Neil: I really like your story because there's similarities to my own. For me, psychoanalysis was a surprise as well. I did not, I.
Set out to be on this path, at least not on purpose, and that's not how it worked for me. The way that I came to it was also in the university. I was in graduate school. I was in the first year of my doctoral program, and at that point, the first class that I had to take as part of that program was a class called The History of Psychological Theory, and that class was taught by a Freudian.
So he had a start by reading Freud, here I was reading the introductory lectures to psychoanalysis and finding myself thinking like, oh my gosh, there's so much in this that.
Makes a lot of sense to me, and I became very hooked. I was very fascinated after that. We read the ego psychologists a little bit less of a fascination for me there. And then after that we moved into object relations and I started [00:04:00] to read Winnicott and I don't think I've ever told you or any of our Lacanian friends about this.
Winnicott was my first love in psychoanalysis. I read Wincott and I was just like smitten. With what was going on in that, right? I was blown away by what I was reading when I was reading this guy. I remember very clearly reading the dedication in his book, playing In reality, the dedication reads this book is dedicated to my patients who have paid to teach me.
And I thought that is amazing. There was a another line that has always stuck with me that Winnicott wrote that it is a joy to be hidden and a disaster not to be found. And I thought, wow, that makes sense to me. And I read a ton of it and I can't remember where it was. I was trying to find it in preparation for this conversation today, and I wasn't able to, but I found somewhere this. Reference to Wincott [00:05:00] being on a committee or possibly going to Paris to look into something that was happening there.
What was going on is there was this guy named Jacque Lehan, and he was a part of the school, the SFP, and that school was trying to become a member of the IPA and the IPA. They weren't so sure about this place because there was this guy Lacan, there. He was doing these variable length sessions and he was training people, but they thought, well, maybe he's not training them.
Right. They asked Winnicott to go and check it out, like, , go look at what this Lacan guy's up to and then report back to us. Whatever it is that you find. And so what I remember reading was that Wincott. Met with Lacan and he wasn't hostile, he wasn't inquisitorial.
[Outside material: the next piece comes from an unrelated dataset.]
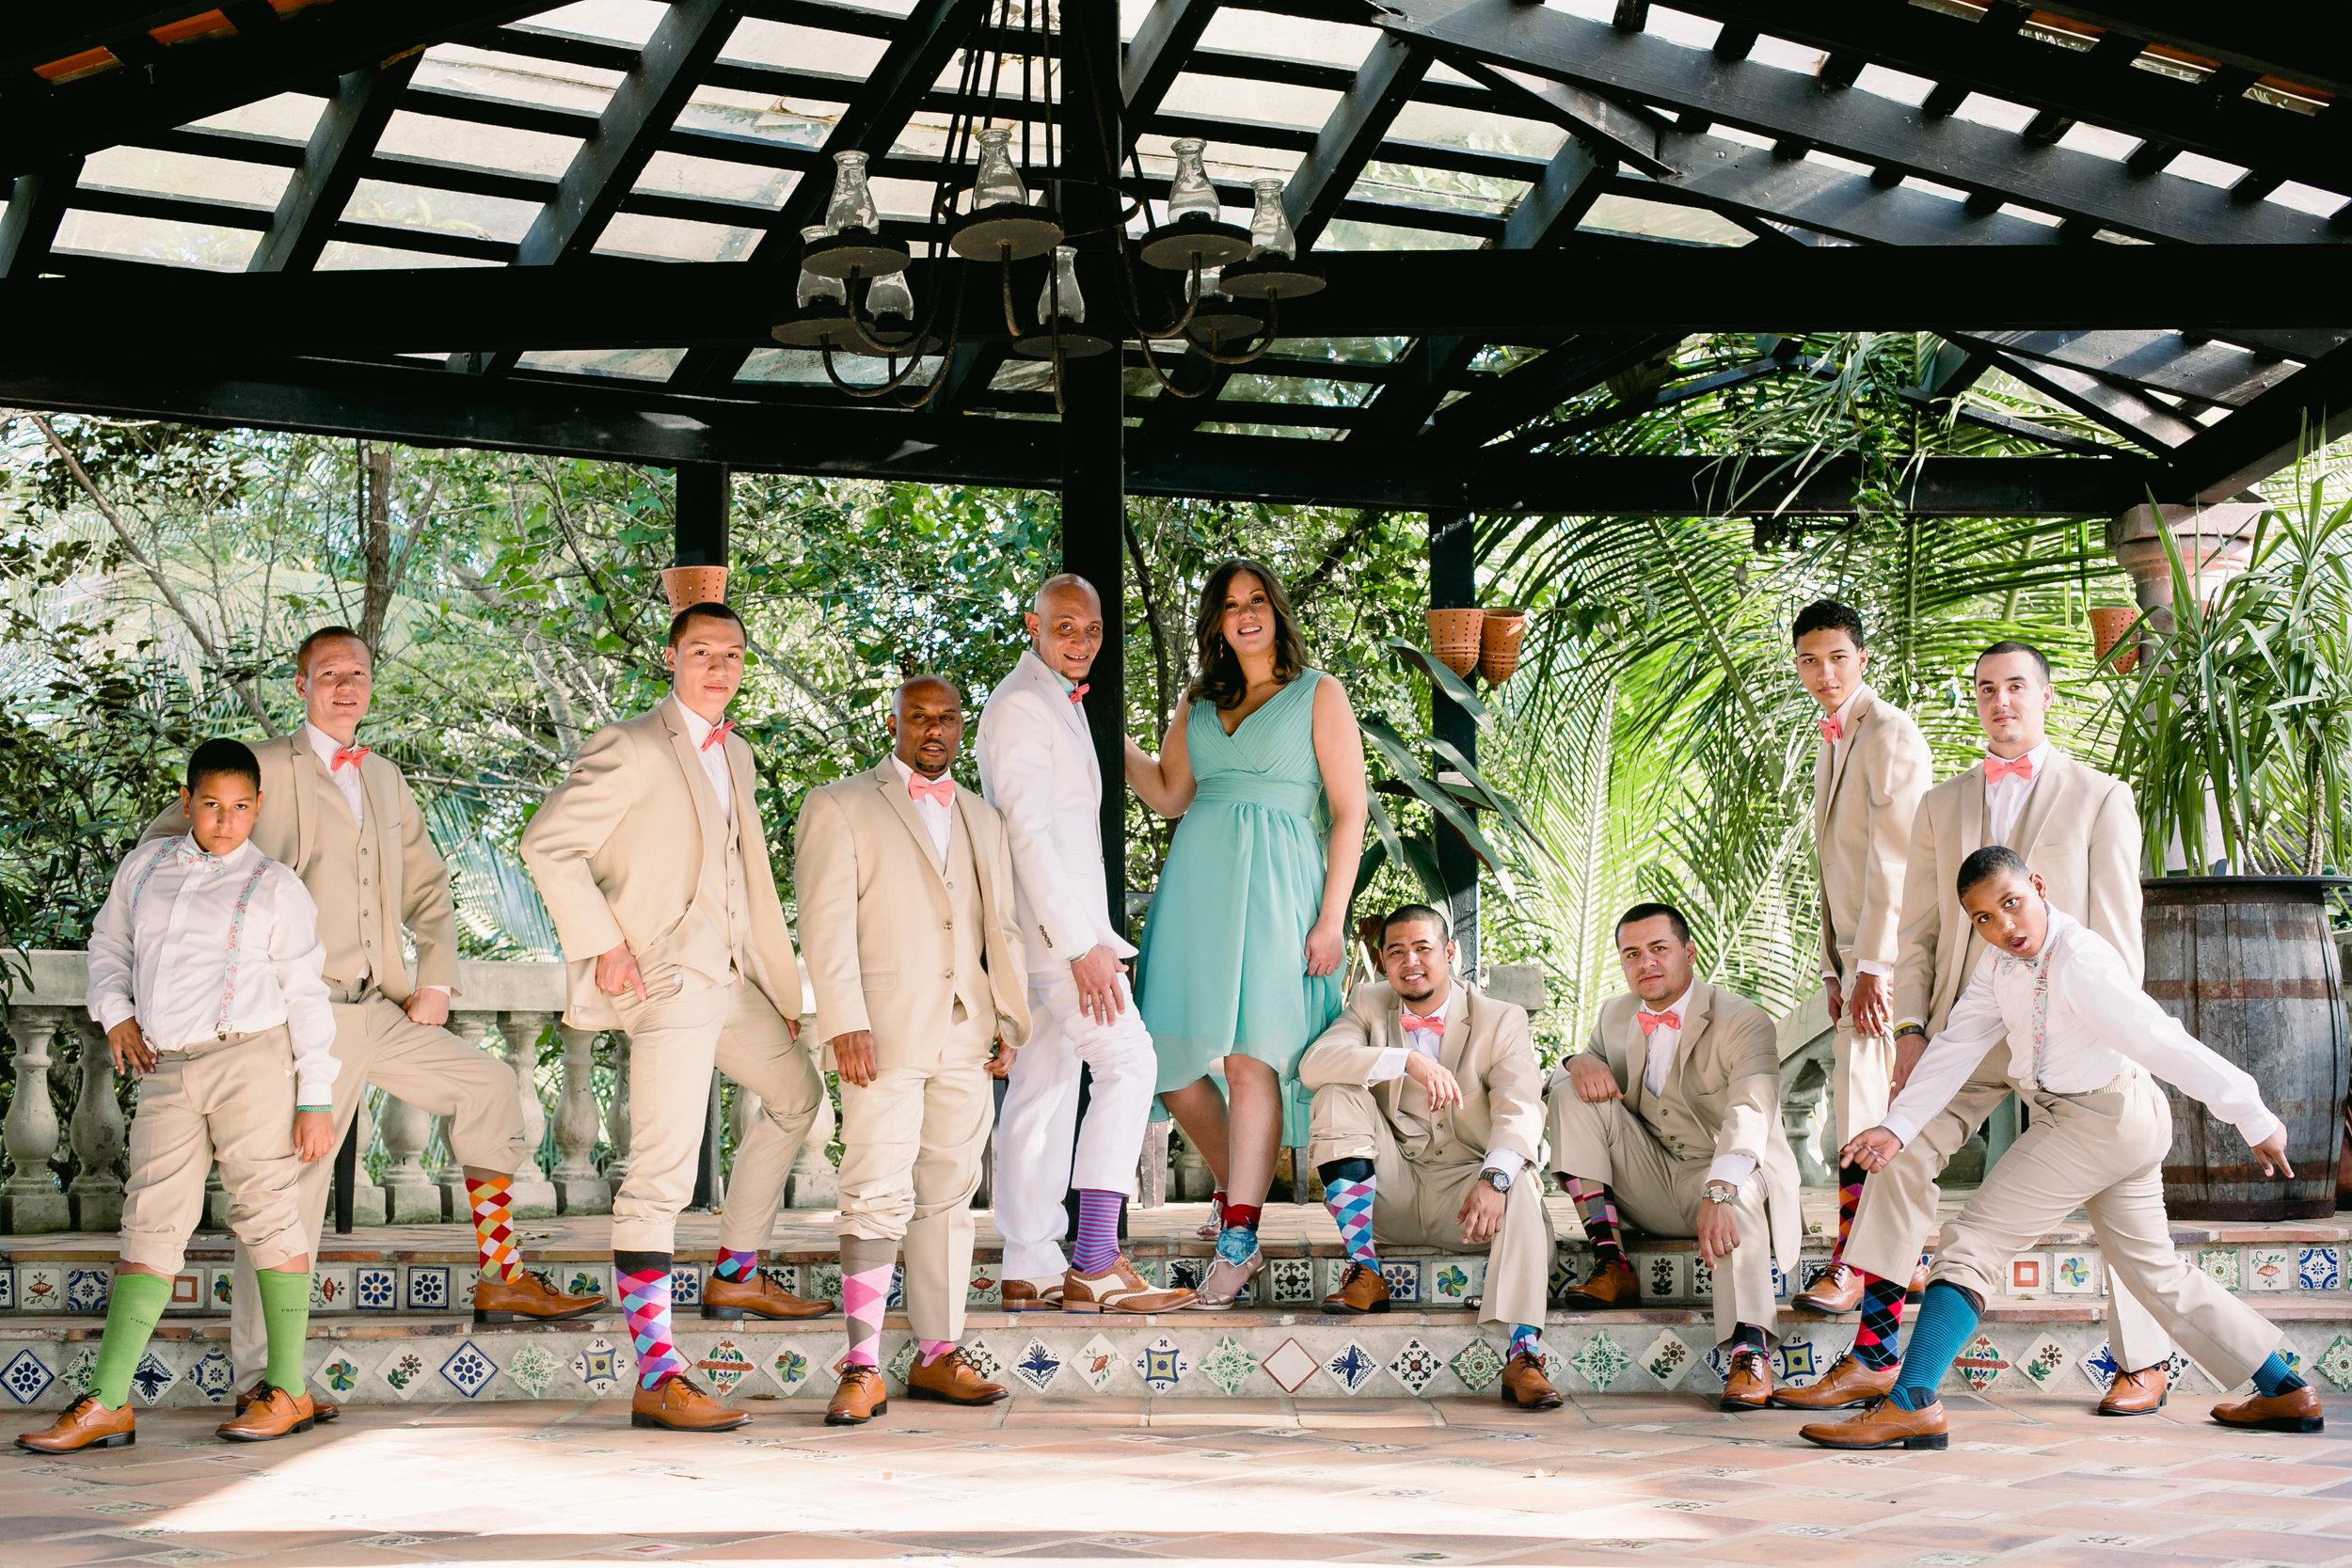 destination wedding puerto rico hacienda siesta alegre_0621.JPG

It seems like he actually really liked meeting Lacan and that he thought that what Lacan was doing was actually psychoanalysis.
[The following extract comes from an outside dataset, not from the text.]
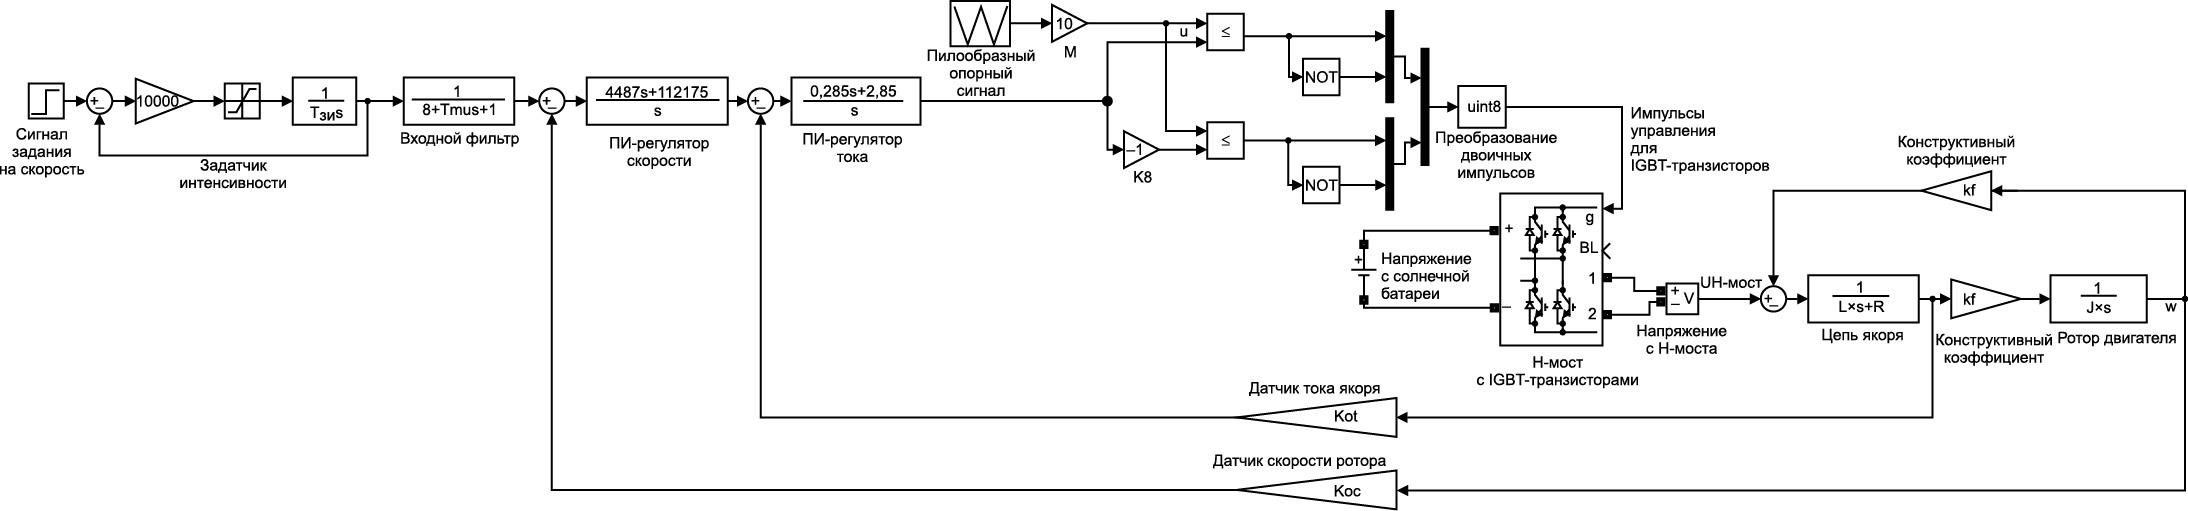 Скоростной электропривод азимутальной координаты, выступающий в качестве объекта управления для внешнего контура регулирования положения (для ПИД-регулятора положения)

It was different than the Orthodox way that had been practiced in the IPA, but he's like, no, this guy's [00:06:00] onto something. I'm not quite sure what it is, but you know, I'm, I'm okay with it. It turns out the IPA didn't agree with Winnicott, and they decided that they were not okay with what Lacan was doing. And that led to a bunch of stuff, many of which we may talk about in future episodes of this podcast because I know both of us share an interest in that history
but, Lacan Was ex communicator from the IPA. So , I read this and I thought, Ooh, this is interesting.
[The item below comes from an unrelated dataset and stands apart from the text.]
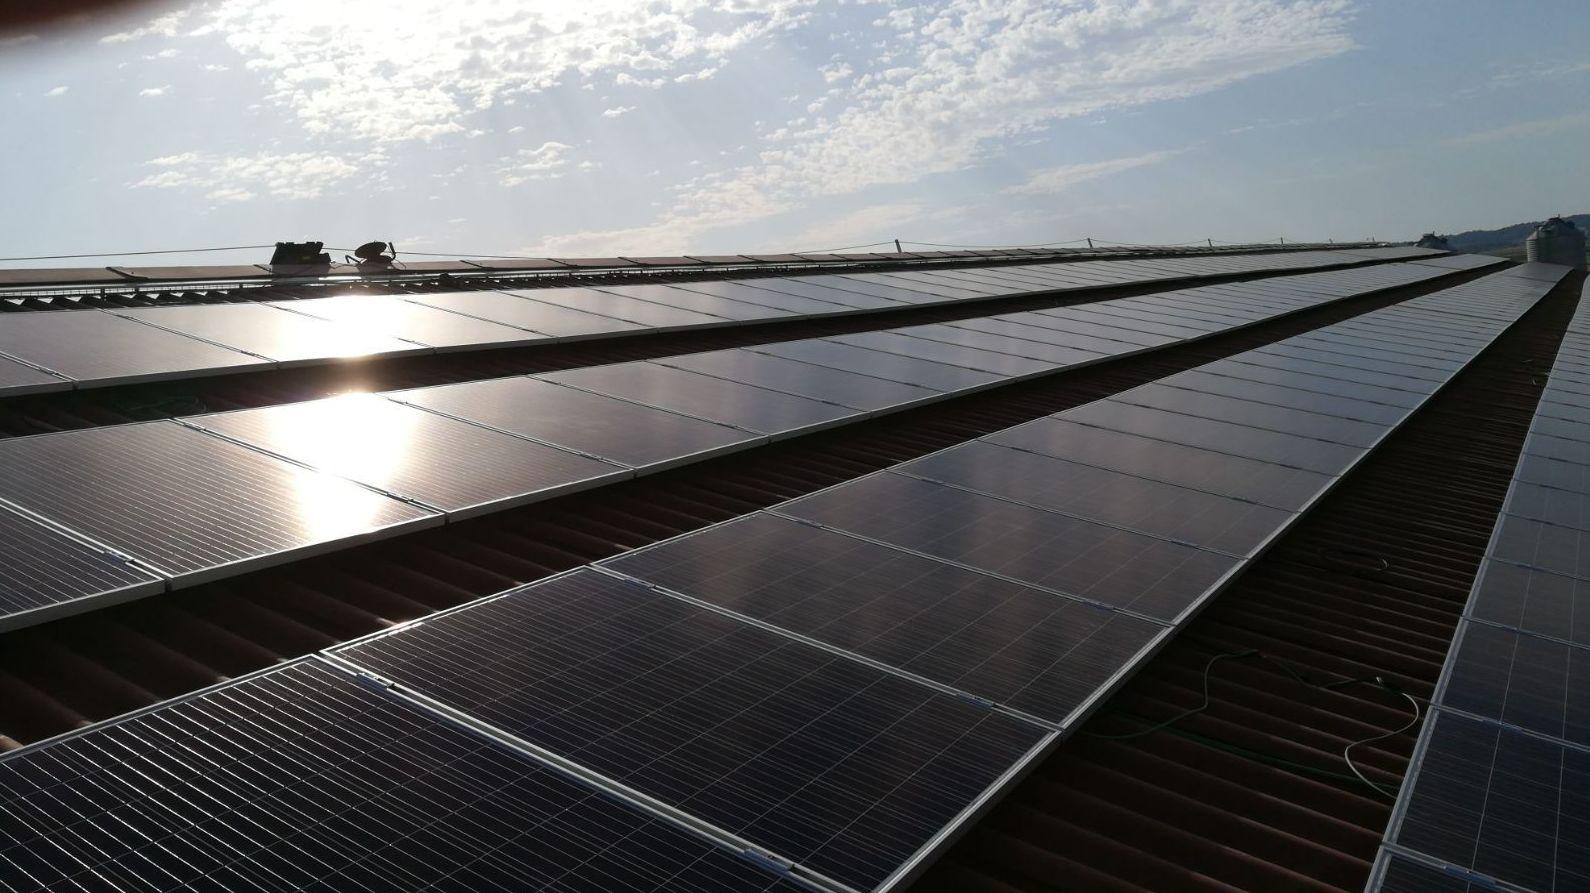 Energías renovables, instalación de fotovoltaica para autoconsumo en granja Grupo Obanos Navarra

This is. Juicy. I wanna know more about this, right? And, I'm Going online. I'm googling Lacan and I'm clicking links, and I'm discovering that people have a really strong reaction to Lacan. Some people tend to like adore this guy. They think he's amazing, he's the greatest. And other people revile him.
He's a charlatan. , He's deliberately obscured and doesn't actually know anything at all. This makes me even more curious. I'm like, oh, I want to know about this guy. [00:07:00] So I ordered in a copy of the Écrits from Amazon. It showed up and I remember this, well, I remember getting it and opening it and starting to read that first chapter on the Purloined letter, and I'm reading and it's not really making a lot of sense.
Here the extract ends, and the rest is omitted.